__Problem to work on__:
The whole listing that follows is to be restated word for word, images excluded.

__Given information__:

____________________

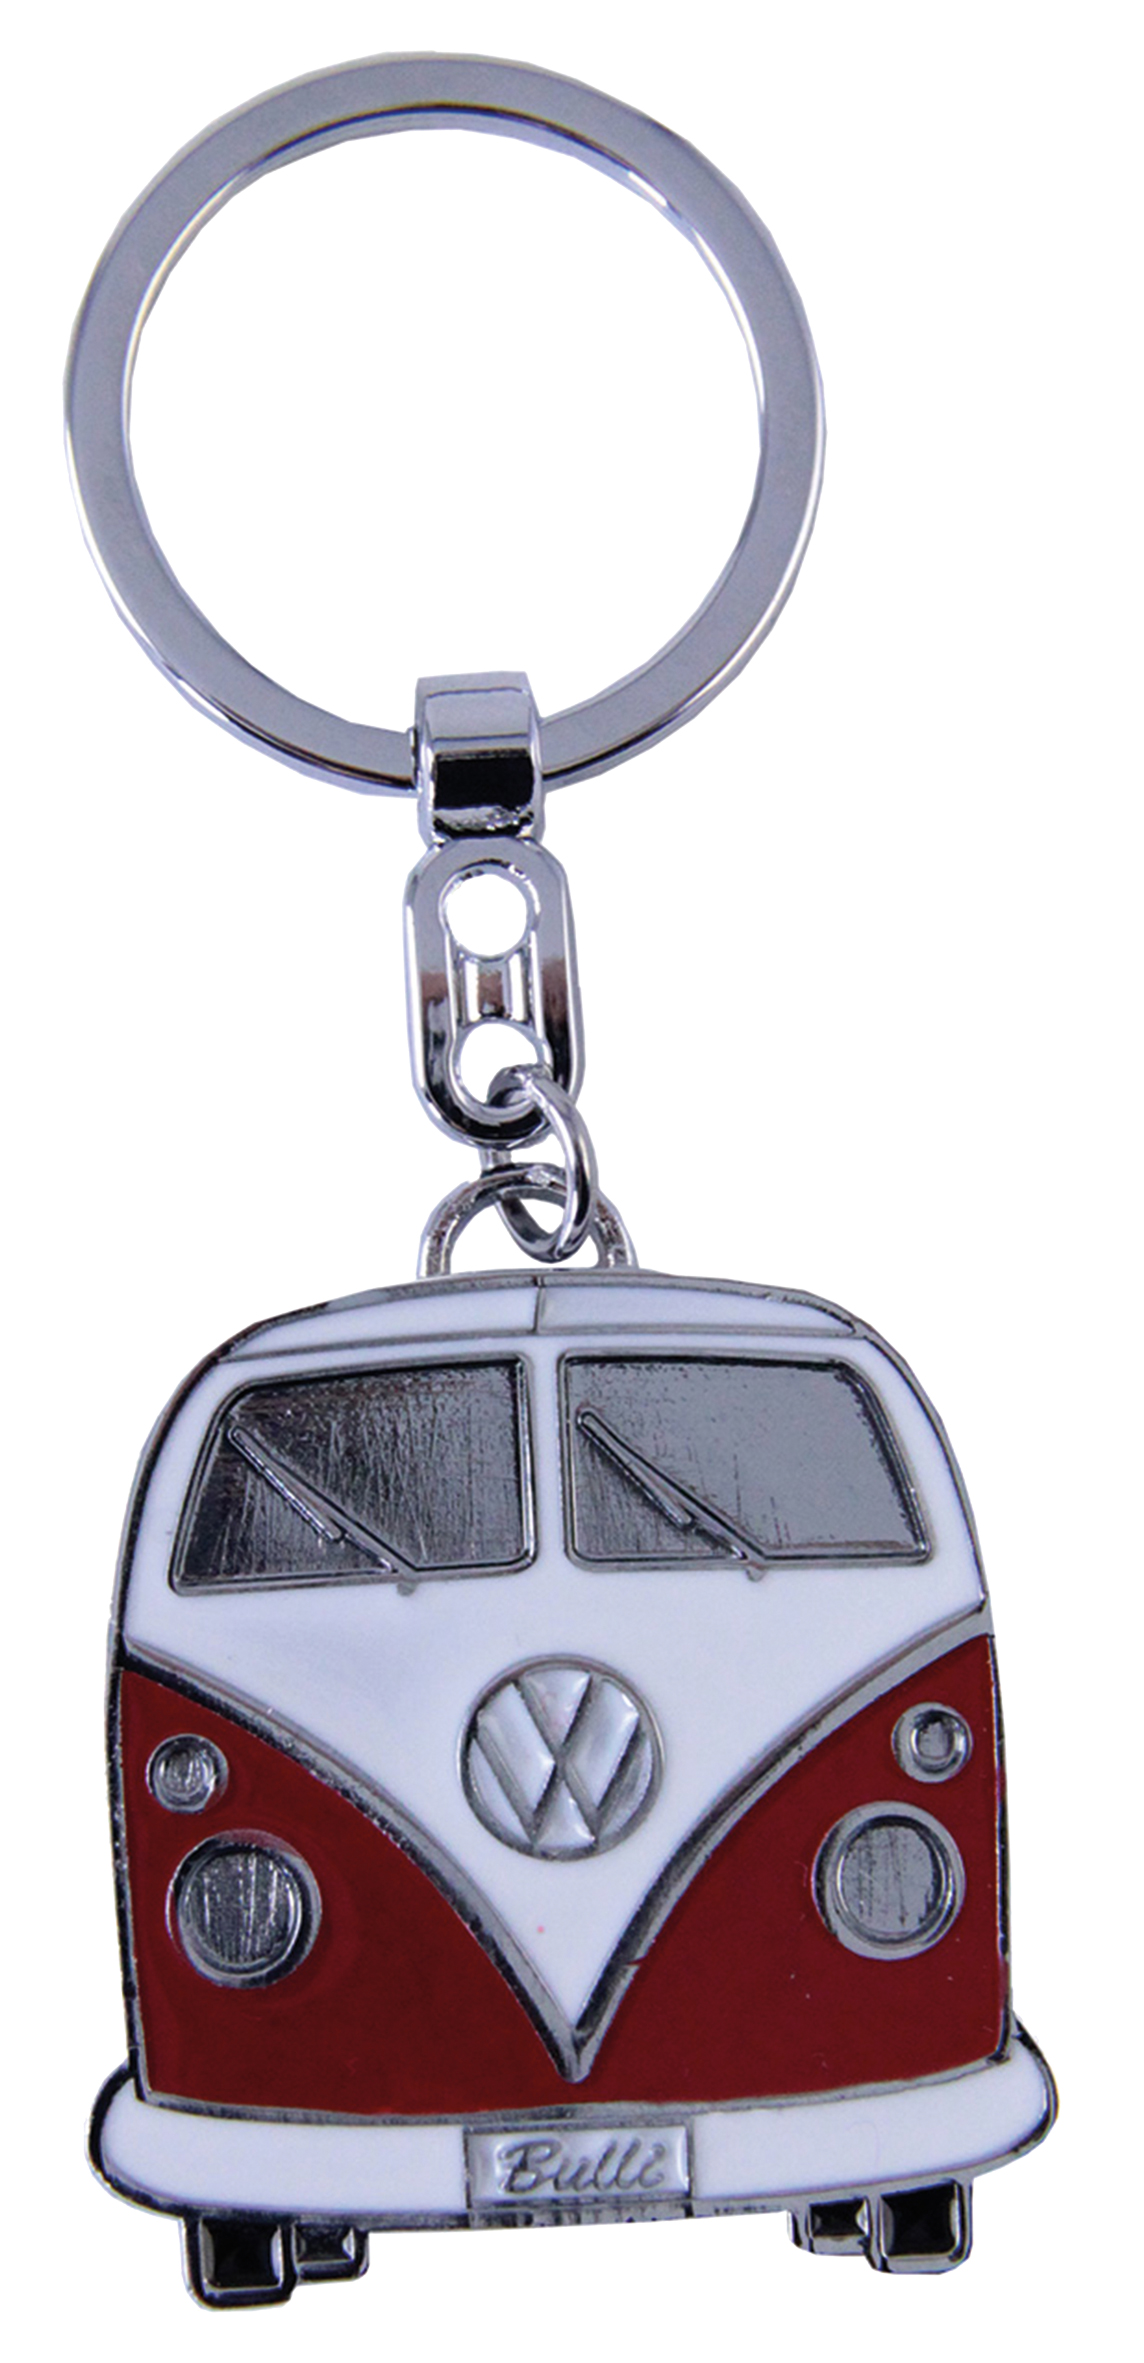 VW Collection Schlüsselanhänger bordeaux
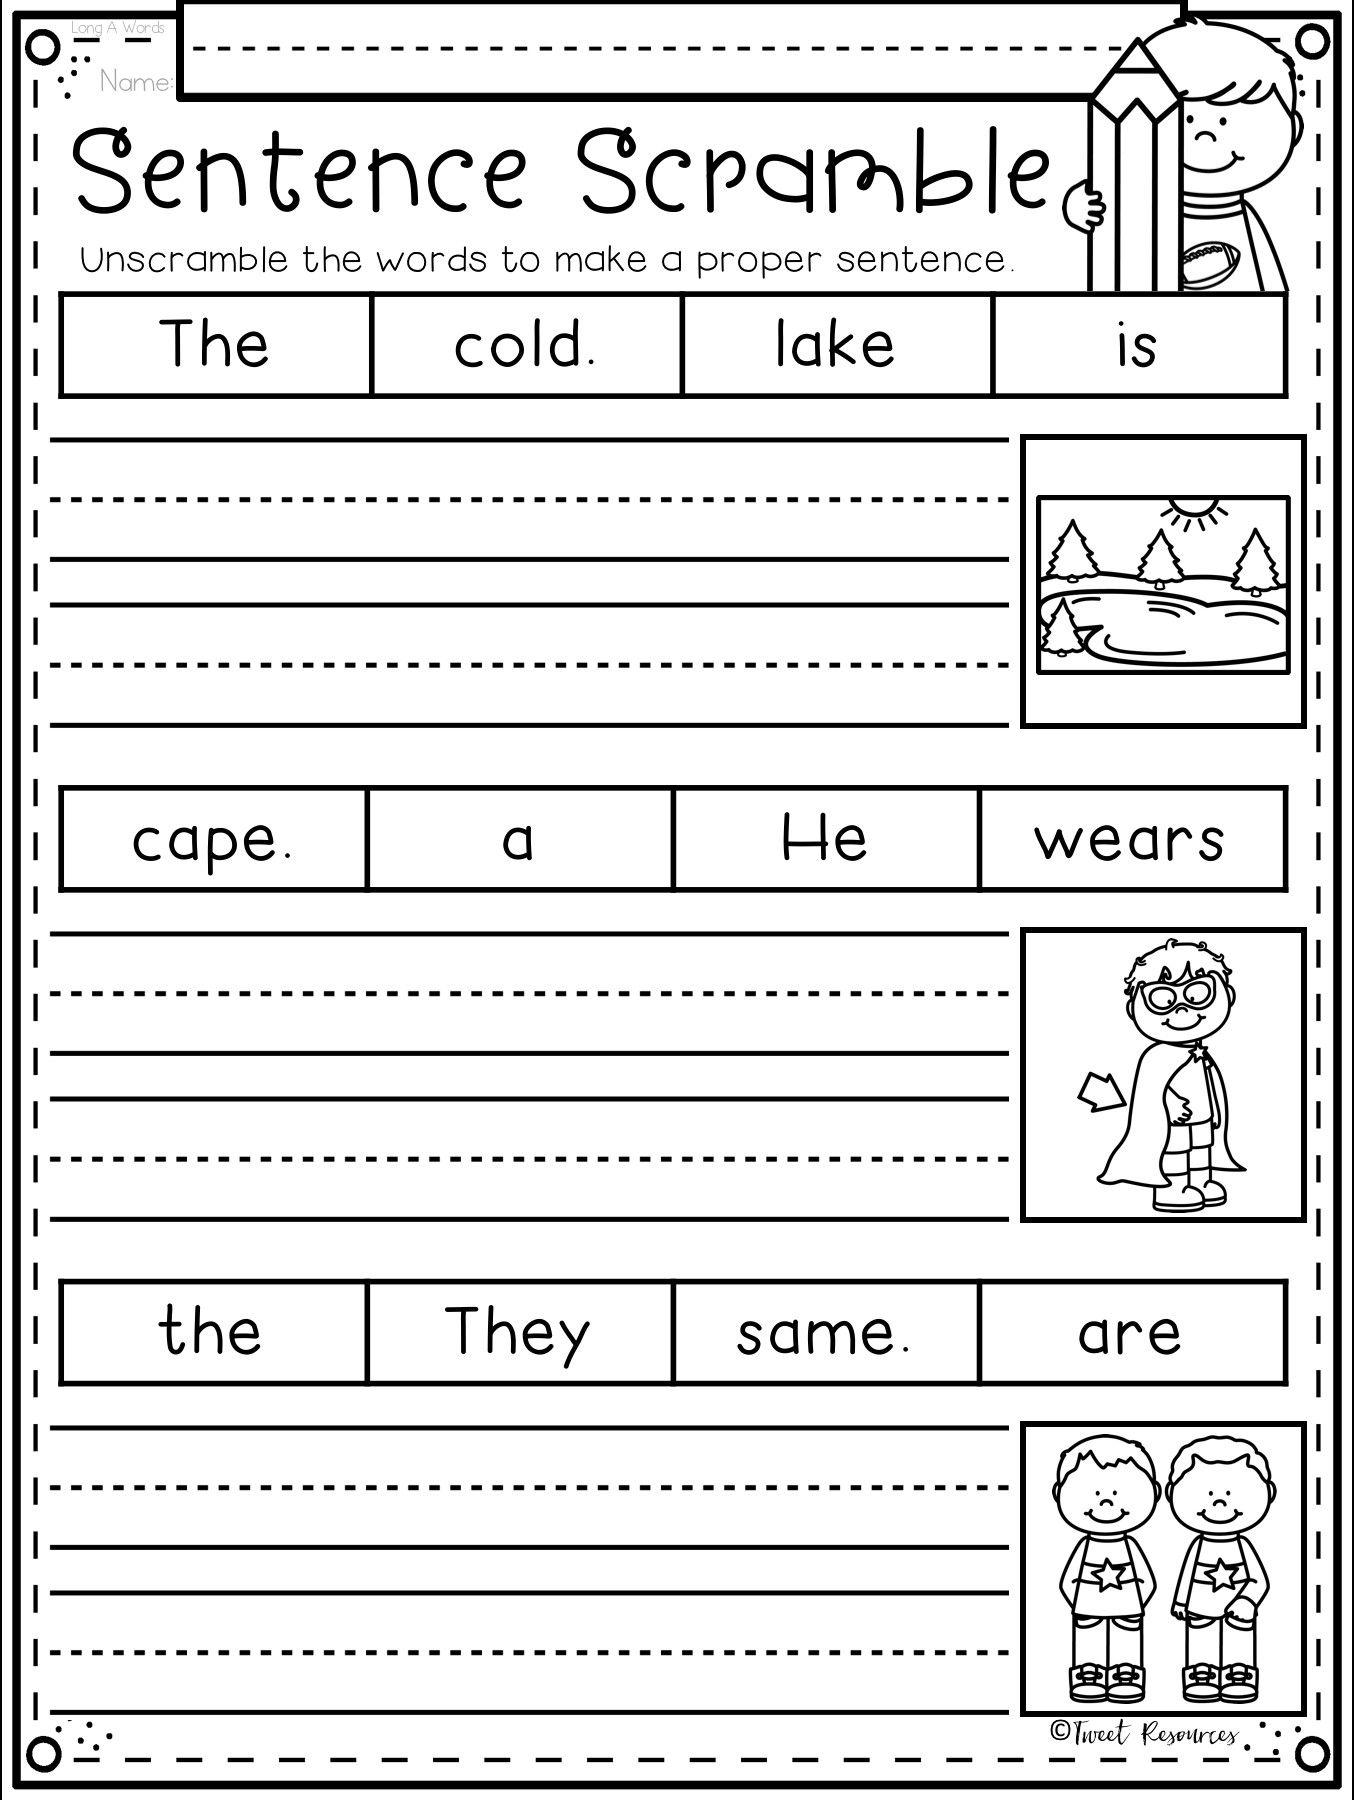 Second Grade Sentences Worksheets Ccss 2 L 1 F Worksheets Complex Sentences Worksheets Combining Sentences Paragraph Writing Worksheets
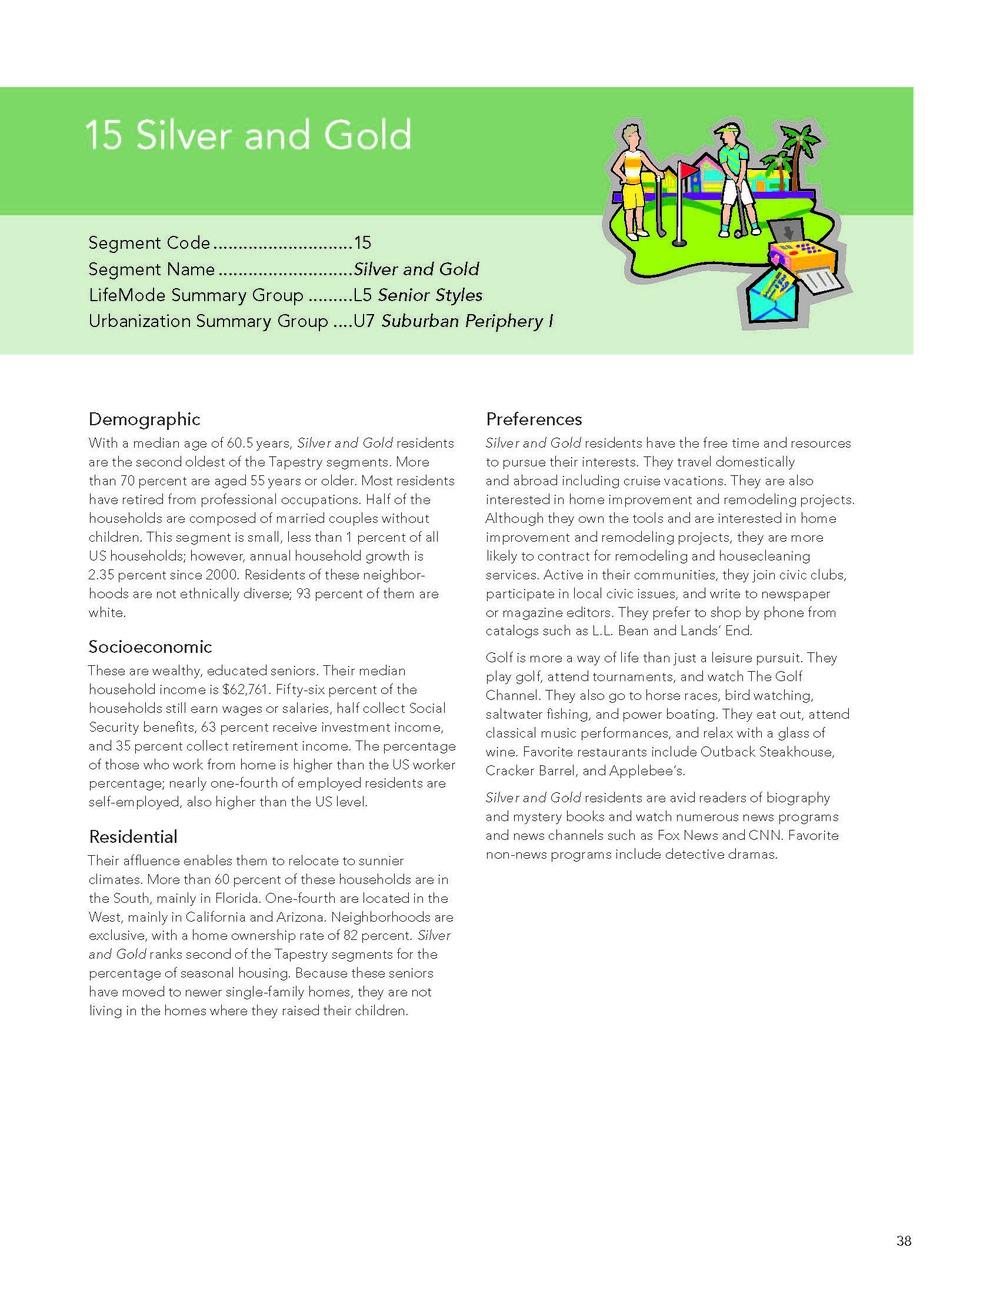 tapestry-segmentation_Page_41.jpg

____________________

__Solution below__:
 VW Collection Schlüsselanhänger bordeaux
 Second Grade Sentences Worksheets Ccss 2 L 1 F Worksheets Complex Sentences Worksheets Combining Sentences Paragraph Writing Worksheets
 tapestry-segmentation_Page_41.jpg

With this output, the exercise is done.